[WHAT THE TASK ASKS]: Could you restate the whole listing below word for word, minus the pictures?

[AVAILABLE DATA]:
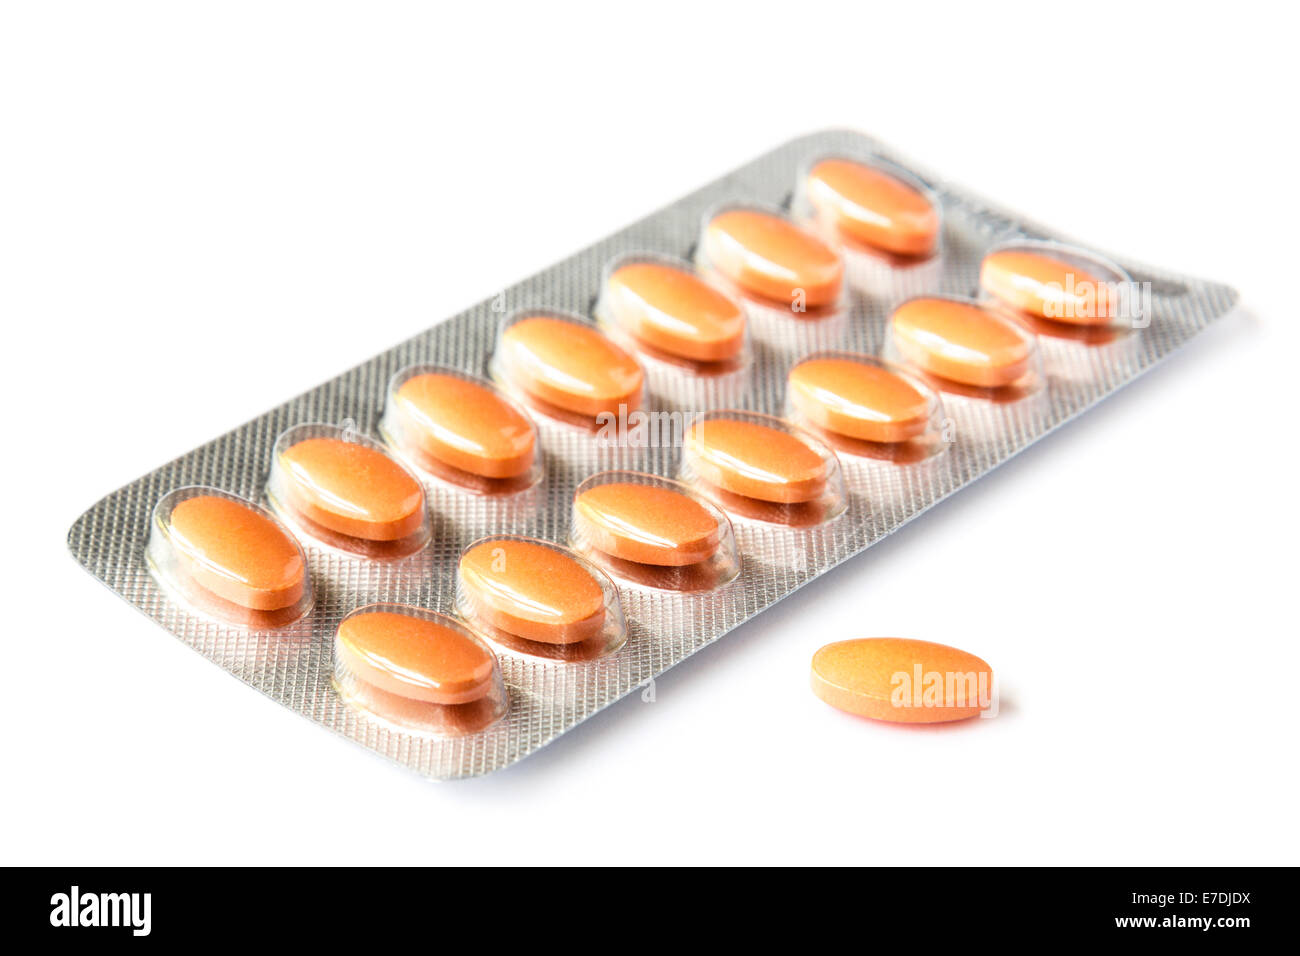 Simvastatin 40 mg comprimés de statine médicament prescrit pour traiter le cholestérol élevé dans un emballage de comprimés sans marque de blister isolé sur blanc Banque D'Images
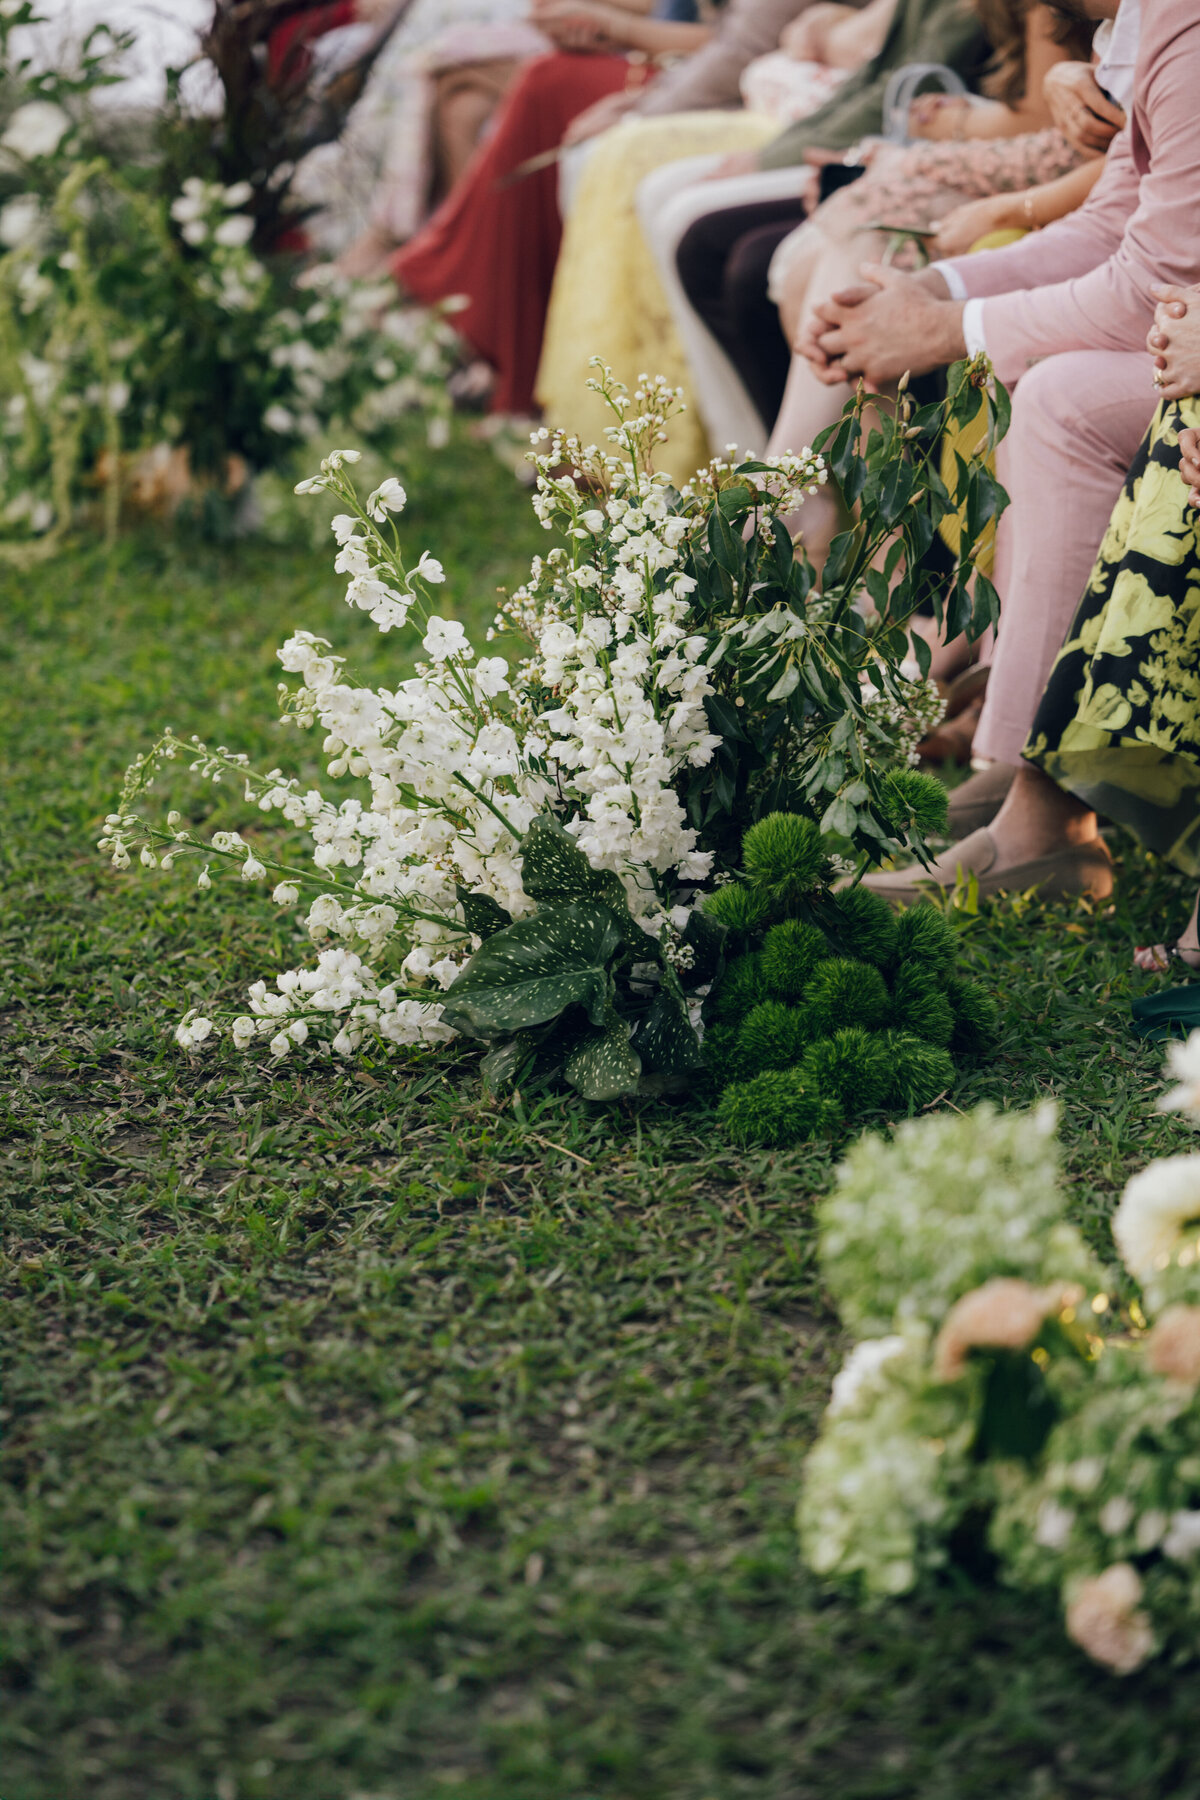 fairchild-botanical-garden-anti-bride-wedding-miami-florida-216
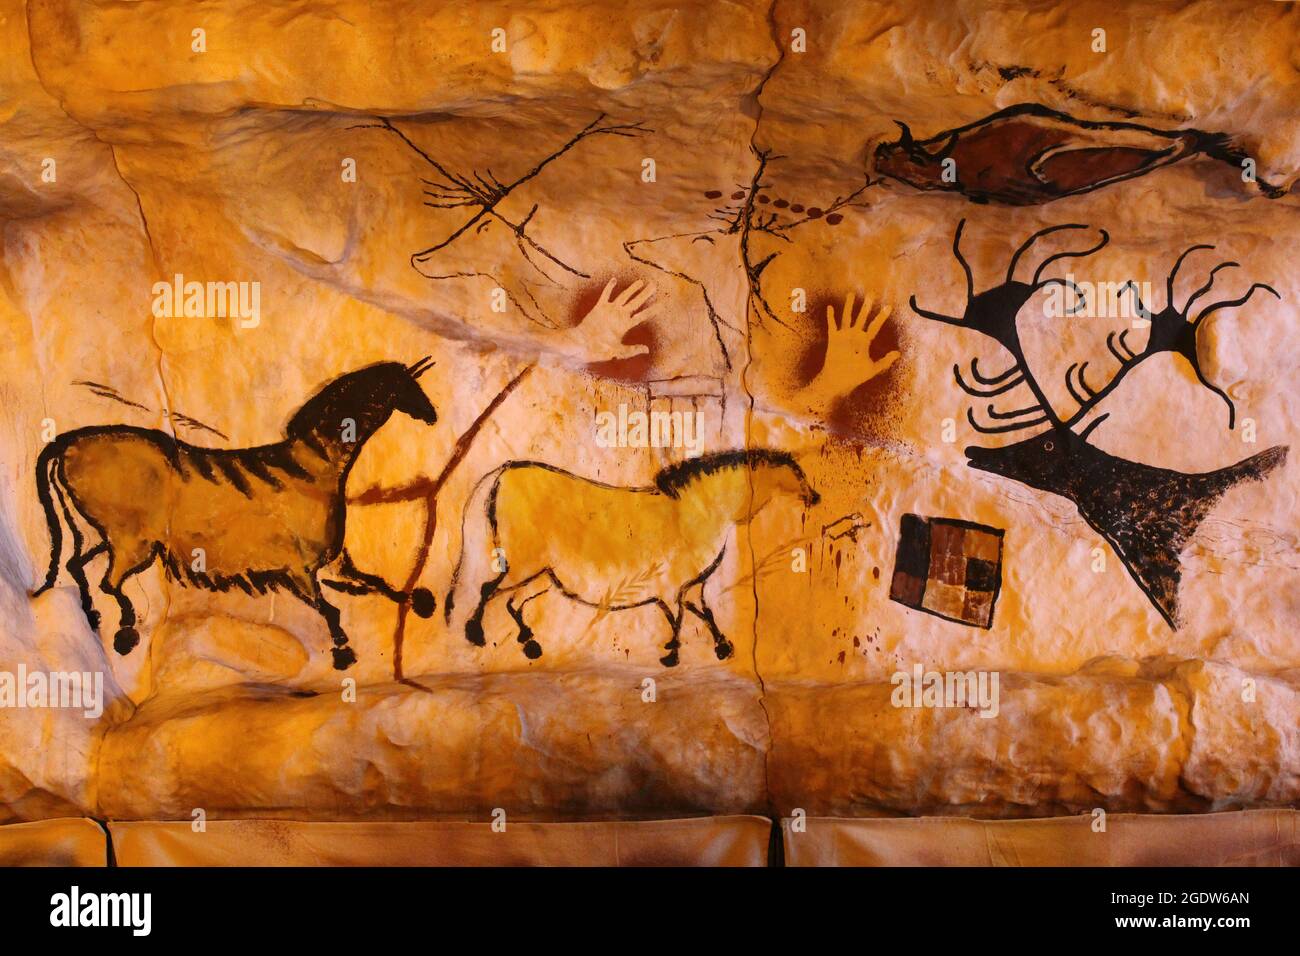 Ricostruzione moderna della Grotta Preistorica con opere d'arte raffiguranti animali e stampe a mano Foto Stock

[EXERCISE RESPONSE]:
 Simvastatin 40 mg comprimés de statine médicament prescrit pour traiter le cholestérol élevé dans un emballage de comprimés sans marque de blister isolé sur blanc Banque D'Images
 fairchild-botanical-garden-anti-bride-wedding-miami-florida-216
 Ricostruzione moderna della Grotta Preistorica con opere d'arte raffiguranti animali e stampe a mano Foto Stock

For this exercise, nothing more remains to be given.